Exercise aim:
Using the entries below, copy exactly each line from the line with "三居 混搭 地中海田园 客厅图片来自今朝装饰小阳在133 地中海 田园的分享" up to and including the line with "Boyfriend Socks |", with every picture left out.

Records to use:

- Opening Delimiter -

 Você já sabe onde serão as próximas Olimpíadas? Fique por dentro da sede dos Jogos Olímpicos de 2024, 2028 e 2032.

- Closing Delimiter -
- Opening Delimiter -

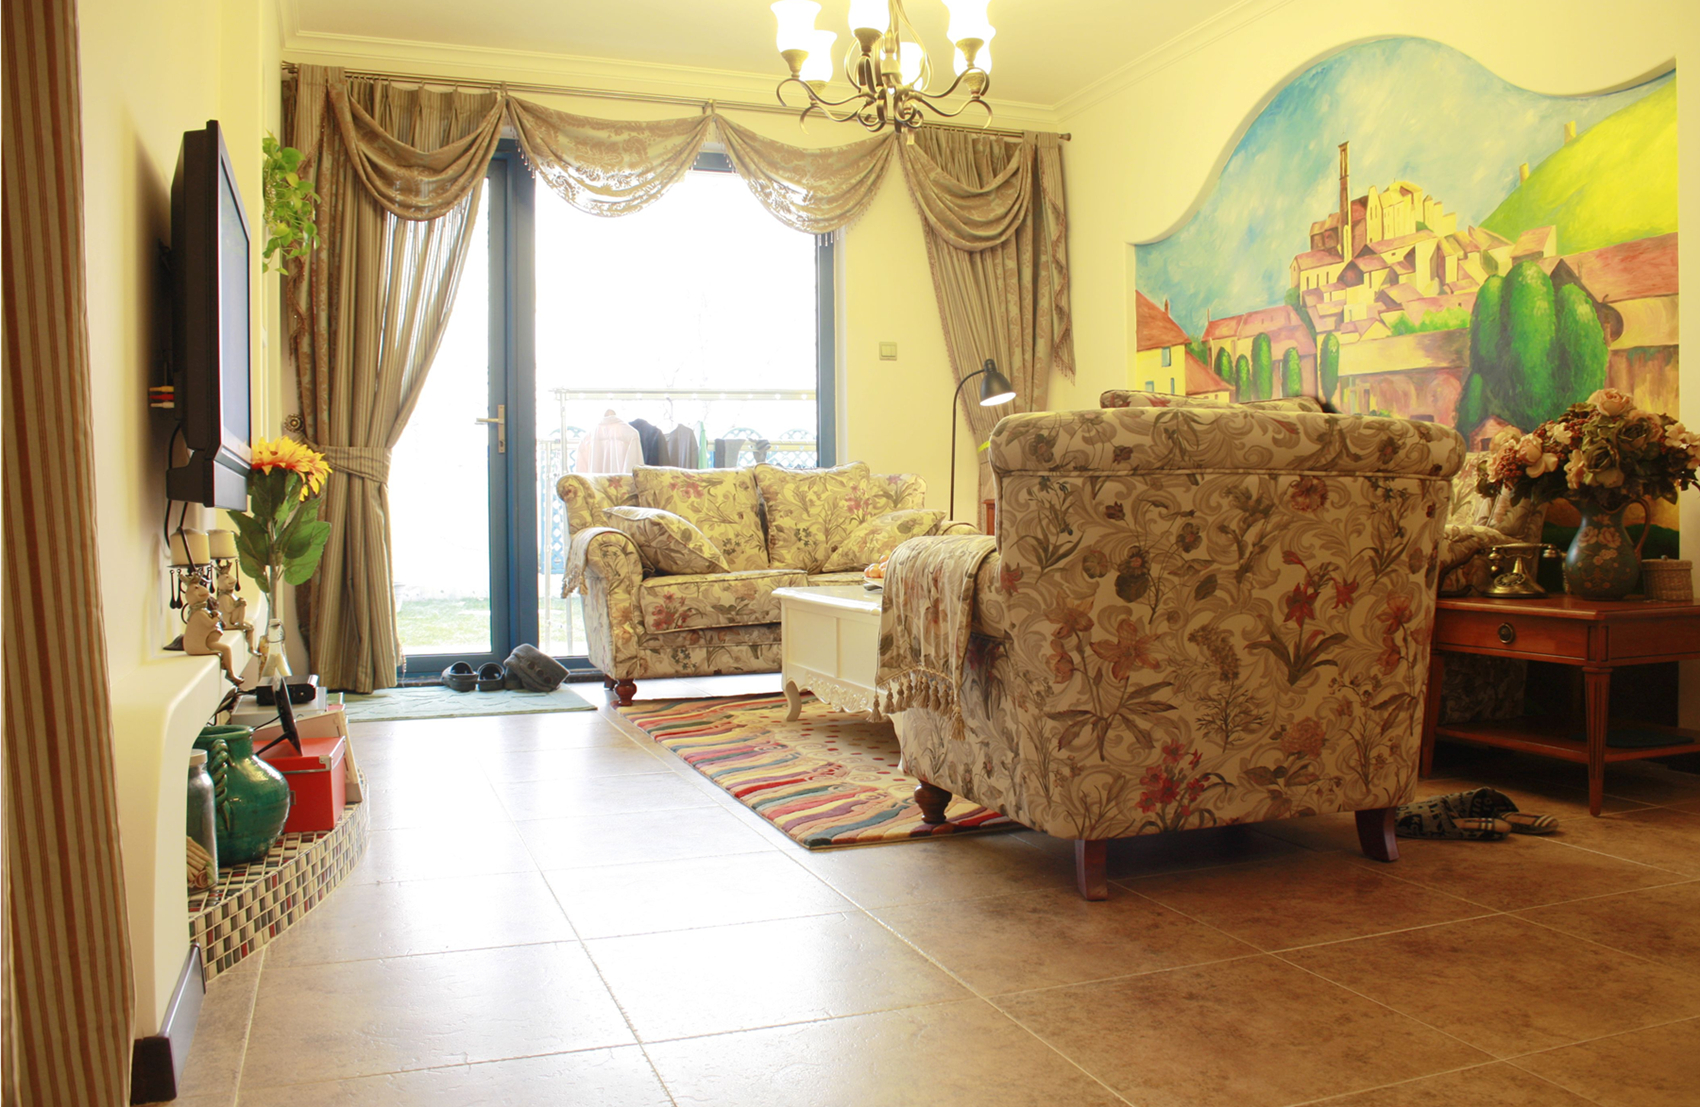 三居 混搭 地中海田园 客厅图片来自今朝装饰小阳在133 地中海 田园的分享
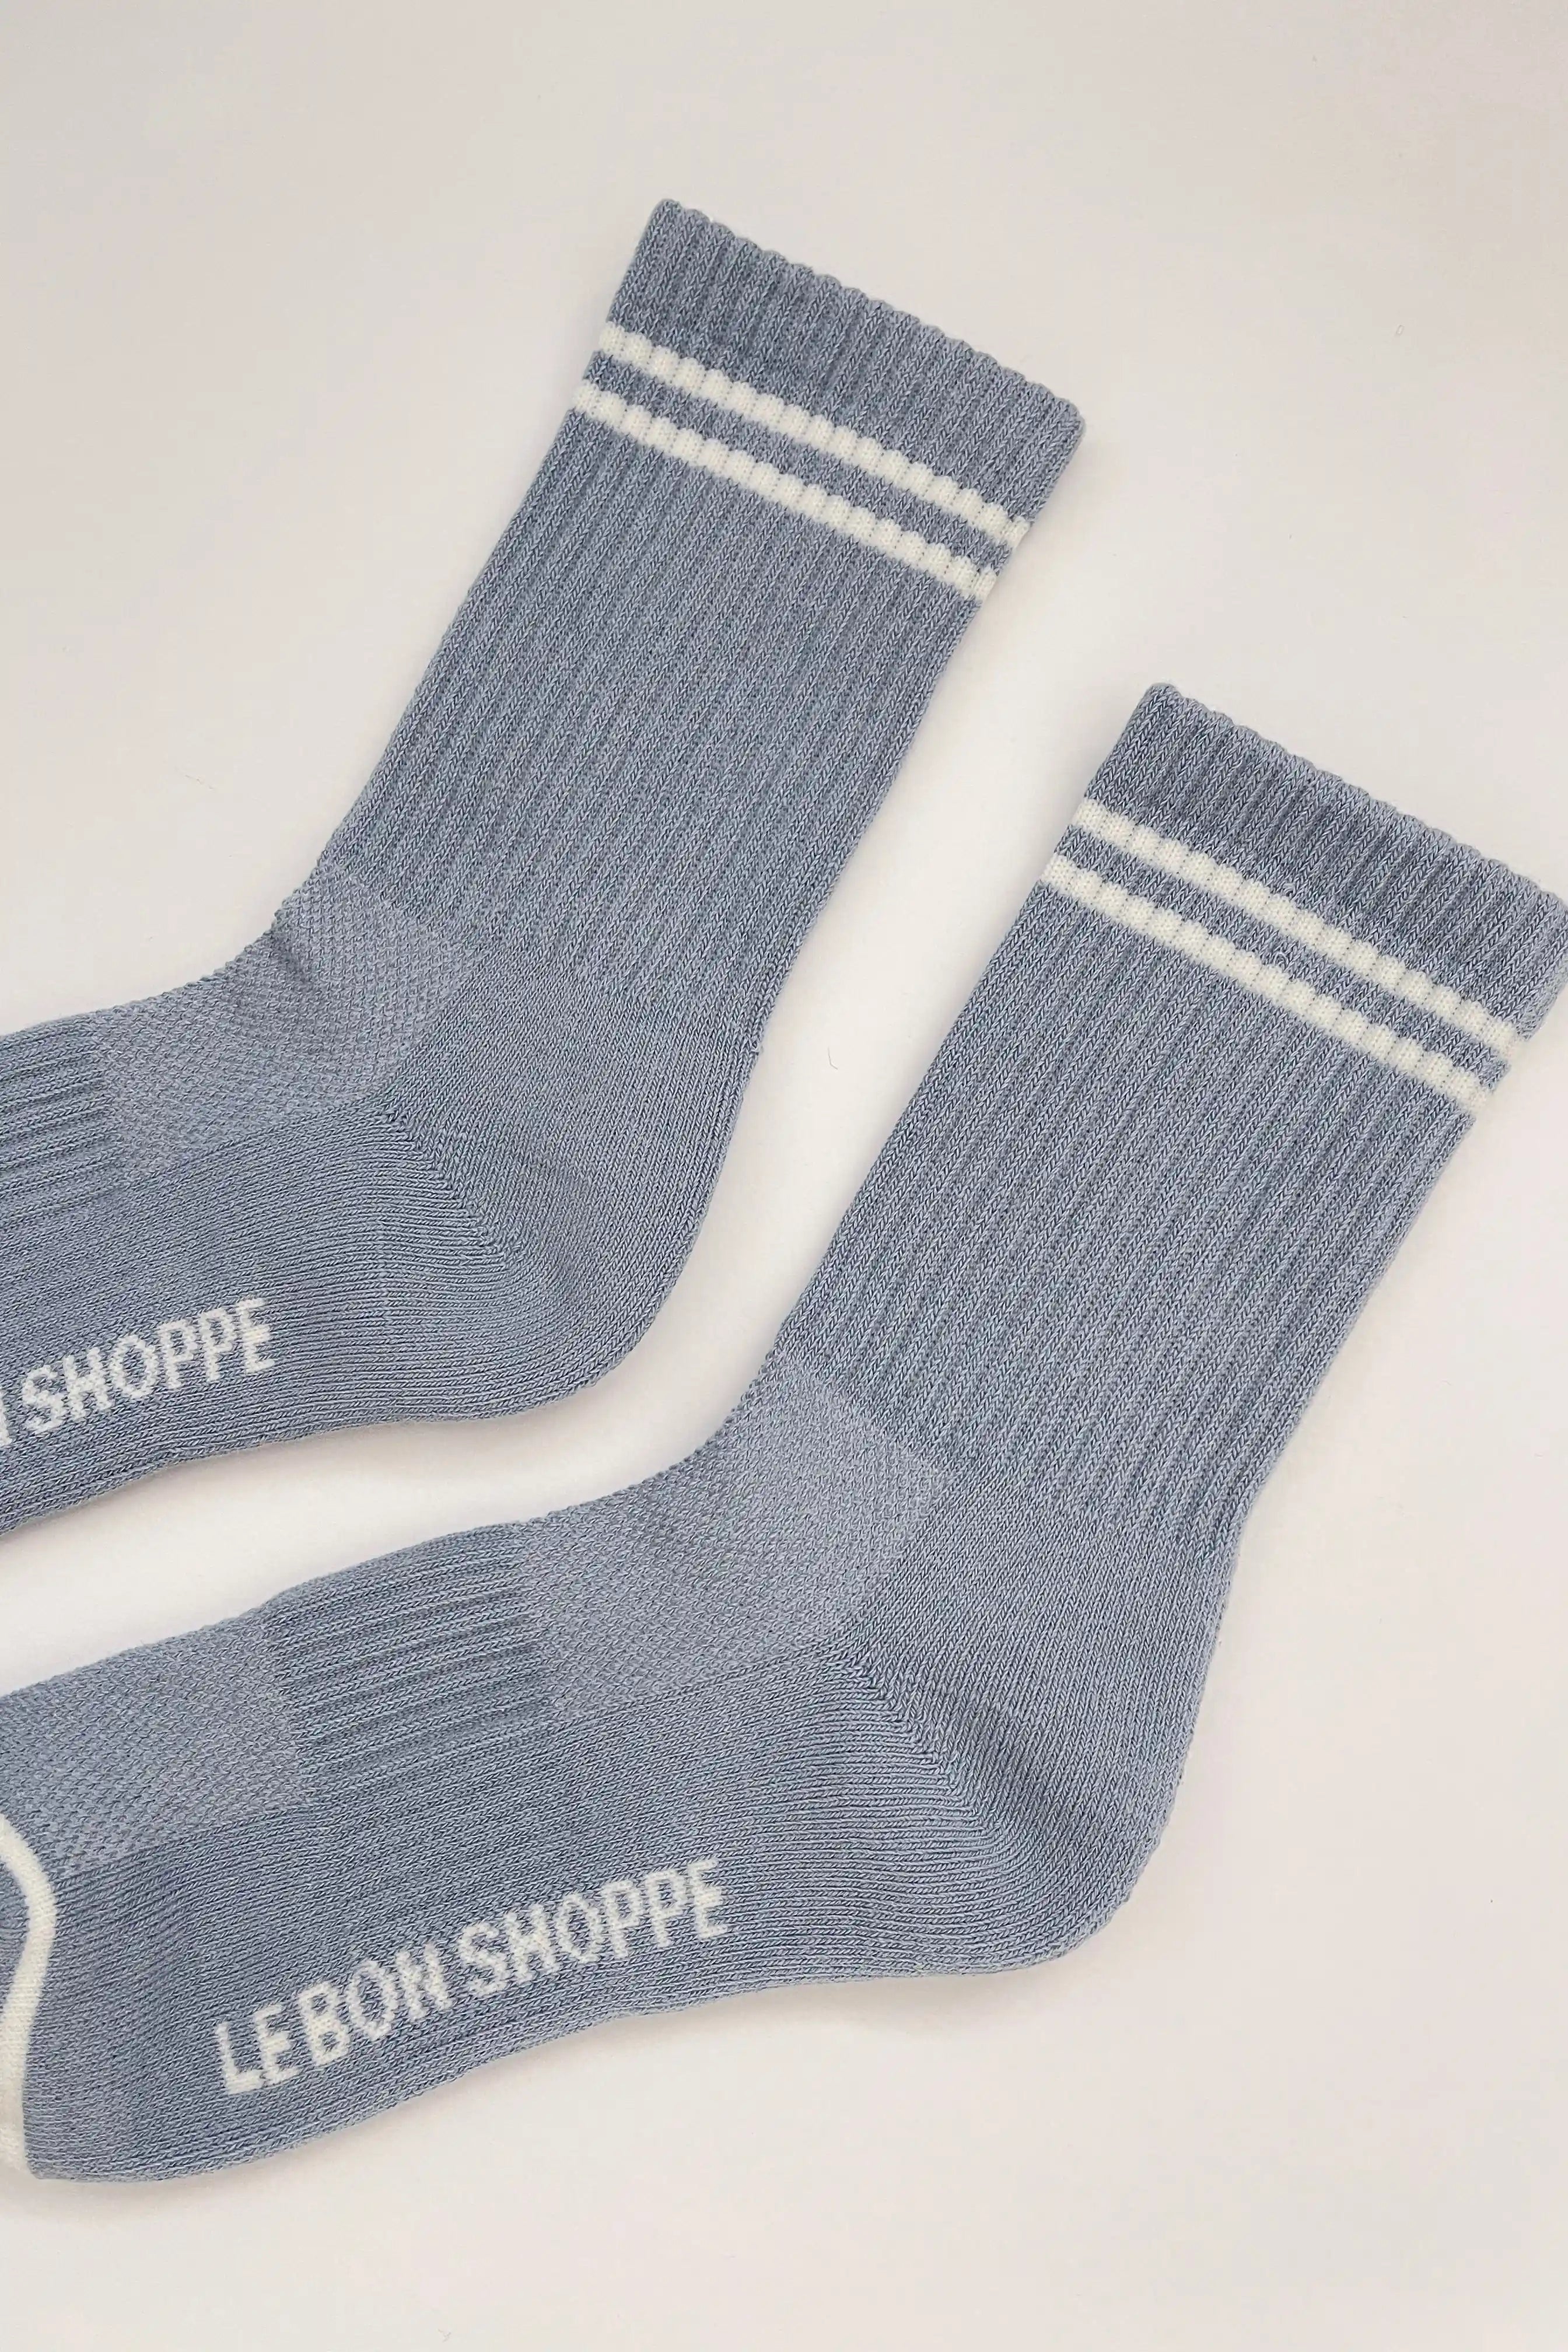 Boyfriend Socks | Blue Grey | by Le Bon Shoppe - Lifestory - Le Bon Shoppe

- Closing Delimiter -
- Opening Delimiter -

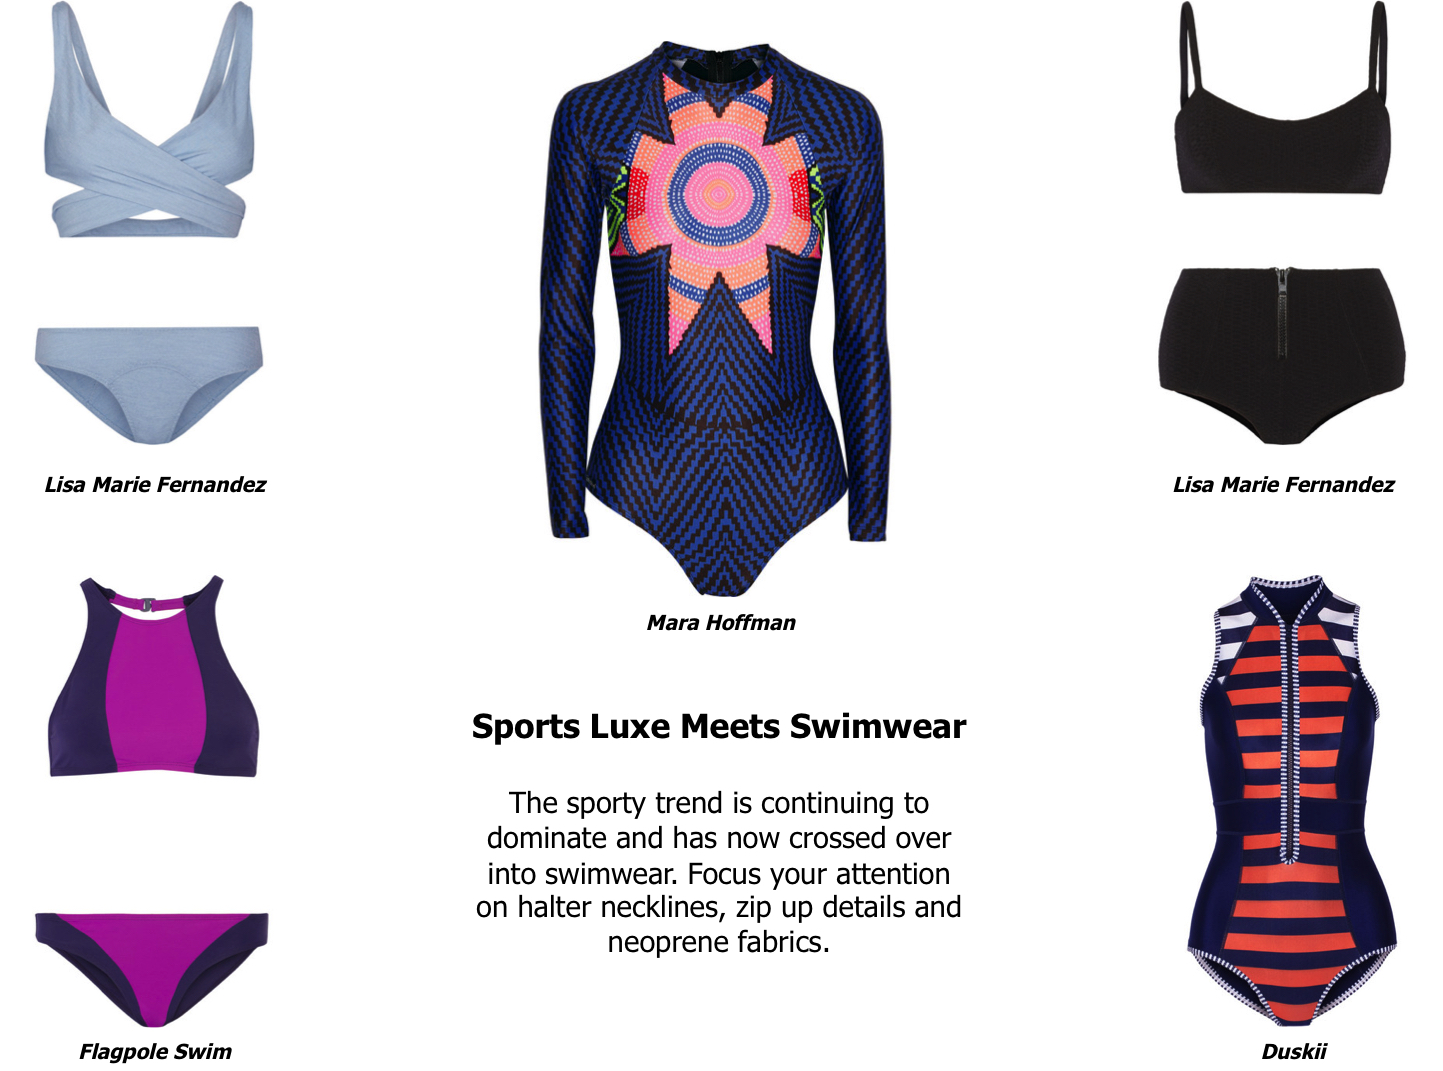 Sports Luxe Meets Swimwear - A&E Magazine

- Closing Delimiter -

Result for this task:
 三居 混搭 地中海田园 客厅图片来自今朝装饰小阳在133 地中海 田园的分享
 Boyfriend Socks | Blue Grey | by Le Bon Shoppe - Lifestory - Le Bon Shoppe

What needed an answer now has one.